I don't know offhand if the 525 has this ability or not but I've had pretty good luck getting rid of the brake and using DC injection for a quick stop. 

This way, the VFD controls everything within itself; no outside stuff to interface with.


----------



## Flyingsod (Jul 11, 2013)

No no no.. don't just stick a device that will open the motor feeders while the motor is running via a VFD. Lotsa bad things can happen including killing your drive.

Now there is a way this can be fine... If you program or engineer into the control circuit a rung that turns the drive off before the contacts open. Of course then what is the point of opening the feeders?

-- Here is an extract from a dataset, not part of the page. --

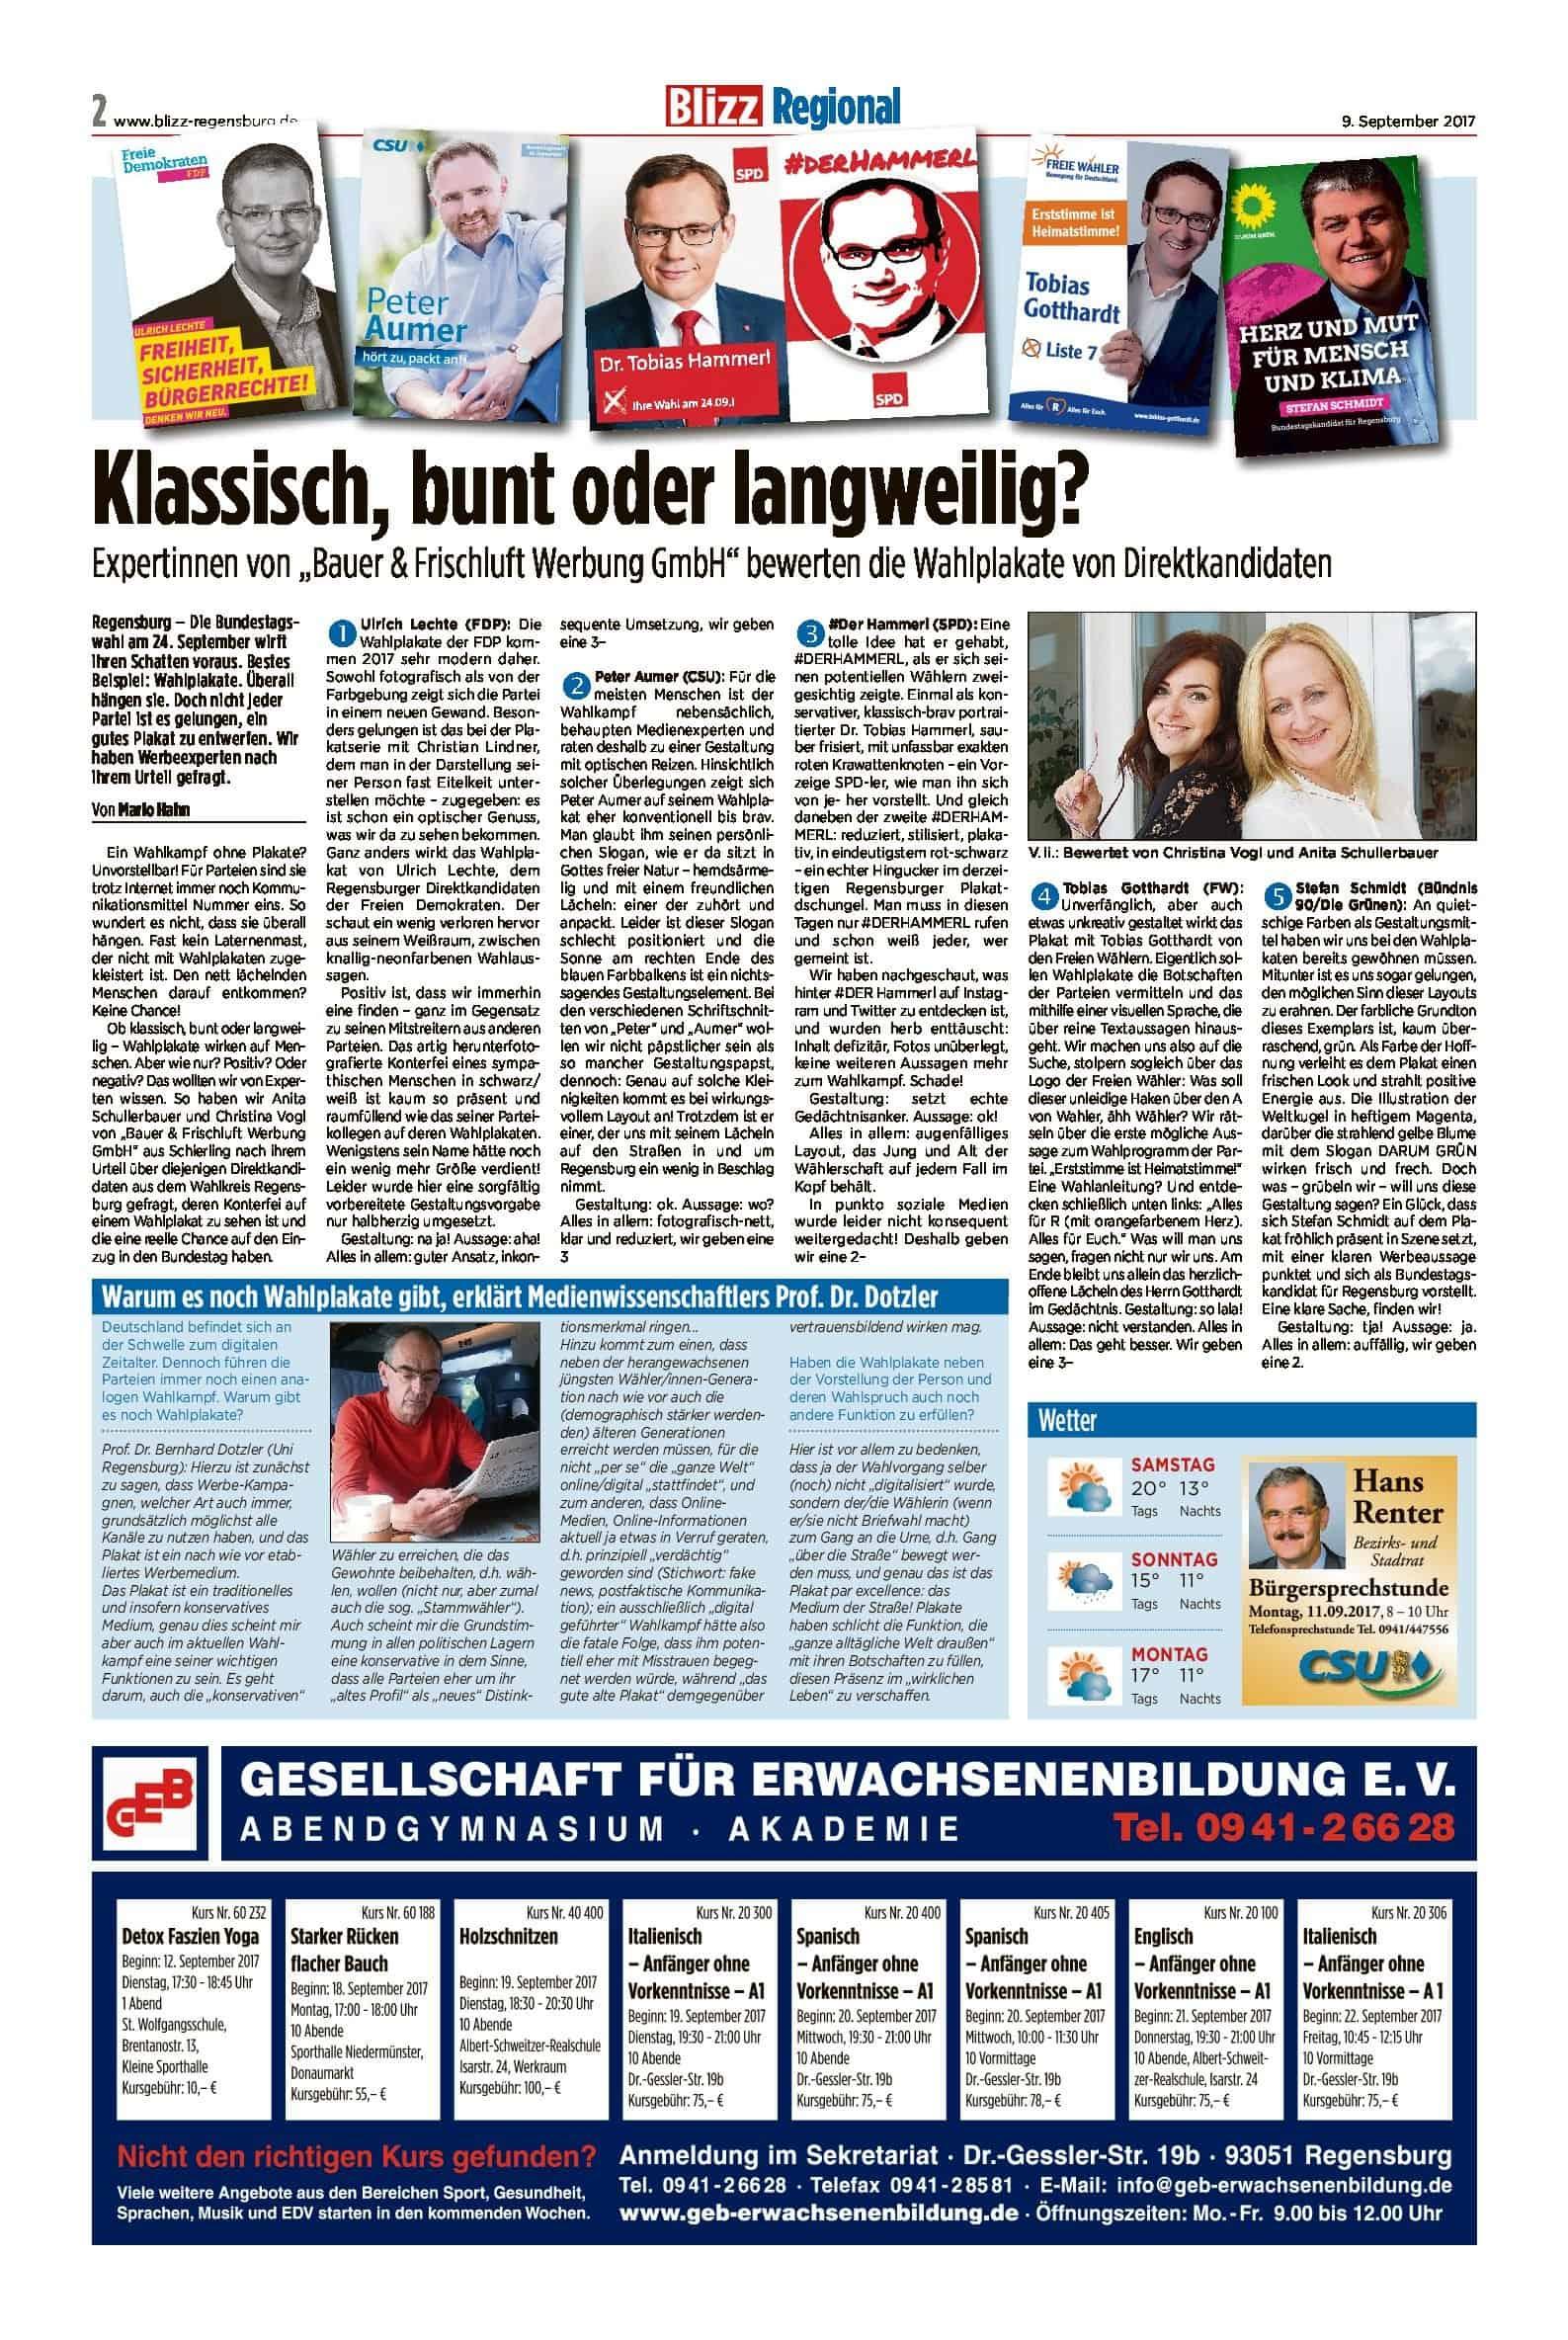 Regensburger Wahlplakate im Experten-Check

Sent from my C6725 using Tapatalk


----------



## sparkiez (Aug 1, 2015)

The 525 has a "Safe Torque Off" option.

http://literature.rockwellautomation.com/idc/groups/literature/documents/at/safety-at140_-en-p.pdf

It is perfectly reasonable to use the light curtain to activate the safe torque off on the drive provided that the light curtain is rated to "switch" the contacts on the drive.

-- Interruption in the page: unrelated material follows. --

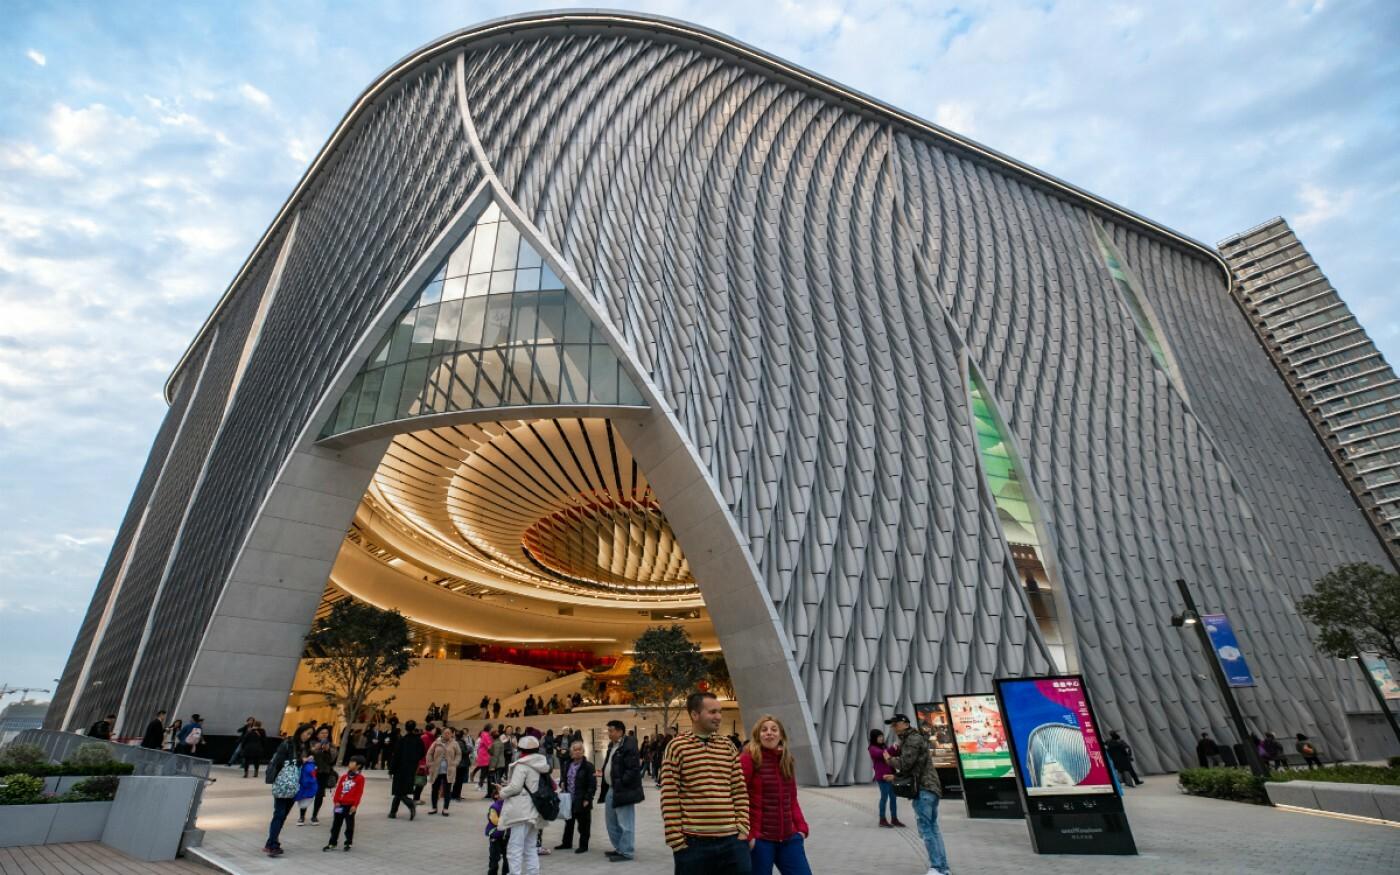 Xiqu Centre exterior

I don't know specific wiring, but from what you have said the light curtain breaks the safety circuit, which then needs to be reset. The drive will not reset, meaning that the safety circuit is still open.

Start with the voltage feeding one side of the light curtain. Check for your 24VDC and follow that all the way through the curtain and verify that you are getting voltage back to the terminal. Even with the drive faulted and the system down you should be able to trace the voltage through. This should point you to your problem.

If you ARE getting voltage back through to the drive, you need to check connections on the terminals, at the splices etc to make sure that this isn't the cause of the issue.

If all connections are solid and making good contact and you can read voltage all the way back through your light curtain and the drive still won't reset, perform the same procedure through the reset circuit. If that fails, chances are you have a bad input on the drive.

Good luck!


----------



## Flyingsod (Jul 11, 2013)

I just looked up that fault, the drives output has exceeded it's current limit. Is there any way you can check the controls to make sure that the drives output is turned off BEFORE that solenoid brake system gets activated? Be sure the drive is getting a command to turn the output off and not just a regular stop command which might include a delay and or ramp down period. GL

Sent from my C6725 using Tapatalk


----------



## sparkiez (Aug 1, 2015)

Flyingsod said:


> I just looked up that fault, the drives output has exceeded it's current limit. Is there any way you can check the controls to make sure that the drives output is turned off BEFORE that solenoid brake system gets activated? Be sure the drive is getting a command to turn the output off and not just a regular stop command which might include a delay and or ramp down period. GL
> 
> Sent from my C6725 using Tapatalk


Here is the excerpt from the manual:

F111 Safety Hardware 2 Safety input enable hardware malfunction. One of the safety inputs is
not enabled.
• Check safety input signals. If not using safety, verify and tighten
jumper for I/O terminals S1, S2 and S+. • Replace control module if fault cannot be cleared.

Fault list found here:
http://literature.rockwellautomation.com/idc/groups/literature/documents/du/520-du001_-en-e.pdf


----------



## Flyingsod (Jul 11, 2013)

Google failed me? :'( Thanks for the correction

Sent from my C6725 using Tapatalk


----------